Parent topic: External Tables Concepts

14.3 CREATE_EXTERNAL_TABLE Procedure

This procedure creates an external table on files in the Cloud or from files in a directory. This enables you to run queries on external data from Oracle Database.

Use Case

Starting with Oracle Database 19c, when you are using the ORACLE_BIGDATA driver with object stores, you are now able to select column values from a path in external tables.

Syntax

DBMS_CLOUD.CREATE_EXTERNAL_TABLE (
    table_name       IN VARCHAR2,
    credential_name  IN VARCHAR2,
    file_uri_list    IN CLOB,
    column_list      IN CLOB,
    field_list       IN CLOB DEFAULT,
    format           IN CLOB DEFAULT);

Parameters

Parameter	Description
`table_name`	The name of the external table.
`credential_name`	The name of the credential to access the Cloud Object Storage. This parameter is not used when you specify a directory with `file_uri_list`.
`file_uri_list`	Comma-delimited list of source file URIs. You can use wildcards in the file names in your URIs. The character "*" can be used as the wildcard for multiple characters, the character "?" can be used as the wildcard for a single character. The format of the URIs depend on the Cloud Object Storage service you are using. For details see: DBMS_CLOUD URI Formats
`column_list`	Comma-delimited list of column names and data types for the external table.
`field_list`	Identifies the fields in the source files and their data types. The default value is NULL meaning the fields and their data types are determined by the `column_list` parameter. This argument's syntax is the same as the `field_list` clause in regular Oracle external tables. For more information about `field_list` see: ORACLE_LOADER Access Driver field_list under field_definitions Clause.
`format`	The options describing the format of the source files. For the list of the options and how to specify the values see: DBMS_CLOUD Package Format Options in Oracle AI Database PL/SQL Packages and Types Reference For Avro or Parquet format files, see: DBMS_CLOUD CREATE_EXTERNAL_TABLE Procedure for Avro or Parquet Files in Oracle AI Database PL/SQL Packages and Types Reference

Usage Notes

The procedure DBMS_CLOUD.CREATE_EXTERNAL_TABLE supports external partitioned files in the supported cloud object storage services, including:

Oracle Cloud Infrastructure Object Storage
Azure Blob Storage
Amazon S3

The credential is a table level property; therefore, the external files must be on the same object store.

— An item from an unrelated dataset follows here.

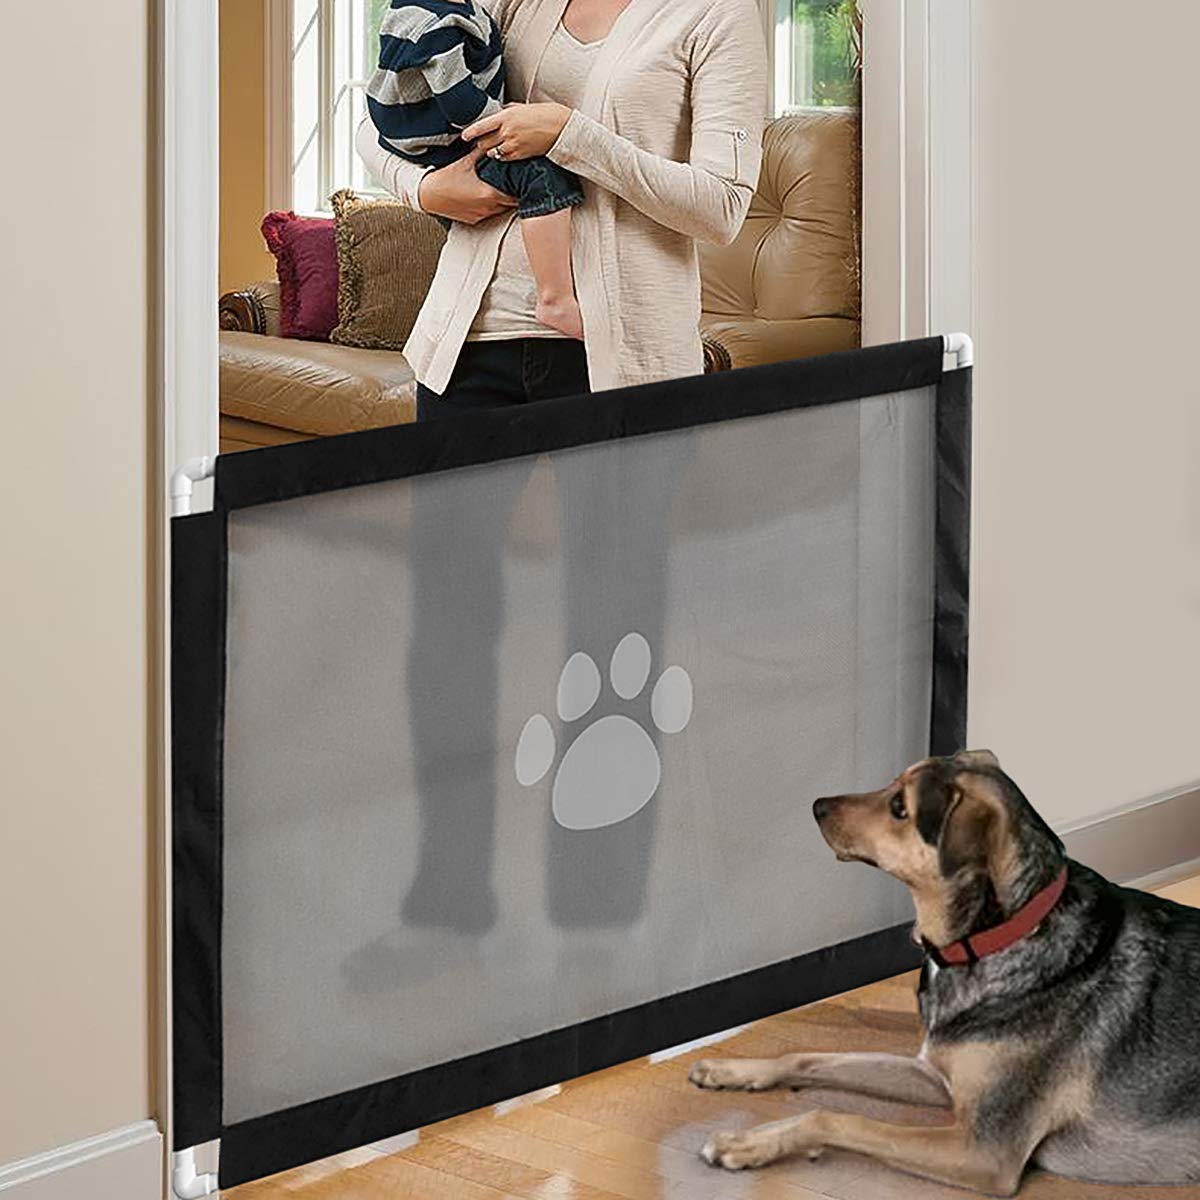 iPawde Magic Gate für Hund, tragbarer Hundesicherungsschutz, abschließbar Sicherer Schutz für Hunde Haustier Halten Sie Hunde von der Küche fern/Innen/Innen, 31,5"* 39,3"

See DBMS_CLOUD URI Formats in Oracle AI Database PL/SQL Packages and Types Reference

Example

BEGIN  
   DBMS_CLOUD.CREATE_EXTERNAL_TABLE(   
      table_name =>'WEATHER_REPORT_DOUBLE_DATE',   
      credential_name =>'OBJ_STORE_CRED',   
      file_uri_list =>'&base_URL/Charlotte_NC_Weather_History_Double_Dates.csv',
      format => json_object('type' value 'csv', 'skipheaders' value '1'),   
      field_list => 'REPORT_DATE DATE''mm/dd/yy'',                   
                     REPORT_DATE_COPY DATE ''yyyy-mm-dd'',
                     ACTUAL_MEAN_TEMP,                 
                     ACTUAL_MIN_TEMP,                 
                     ACTUAL_MAX_TEMP,                 
                     AVERAGE_MIN_TEMP,                    
                     AVERAGE_MAX_TEMP,     
                     AVERAGE_PRECIPITATION',   
      column_list => 'REPORT_DATE DATE,   
                     REPORT_DATE_COPY DATE,
                     ACTUAL_MEAN_TEMP NUMBER,  
                     ACTUAL_MIN_TEMP NUMBER,  
                     ACTUAL_MAX_TEMP NUMBER,  
                     AVERAGE_MIN_TEMP NUMBER,   
                     AVERAGE_MAX_TEMP NUMBER,                  
                     AVERAGE_PRECIPITATION NUMBER');
   END;
/ 

SELECT * FROM WEATHER_REPORT_DOUBLE_DATE where         
   actual_mean_temp > 69 and actual_mean_temp < 74

Related Topics

DBMS_CLOUD in Oracle AI Database PL/SQL Packages and Types Reference

Parent topic: External Tables Concepts

14.4 Location of Data Files and Output Files

Data files and output files must be located on the server. You must have a directory object that specifies the location from which to read and write files.

Note:

The information in this section about directory objects does not apply to data files for the ORACLE_HDFS access driver or ORACLE_HIVE access driver. With the ORACLE_HDFS driver, the location of data is specified with a list of URIs for a directory or for a file, and there is no directory object associated with a URI. The ORACLE_HIVE driver does not specify a data source location; it reads the Hive metastore table to get that information, so no directory object is needed.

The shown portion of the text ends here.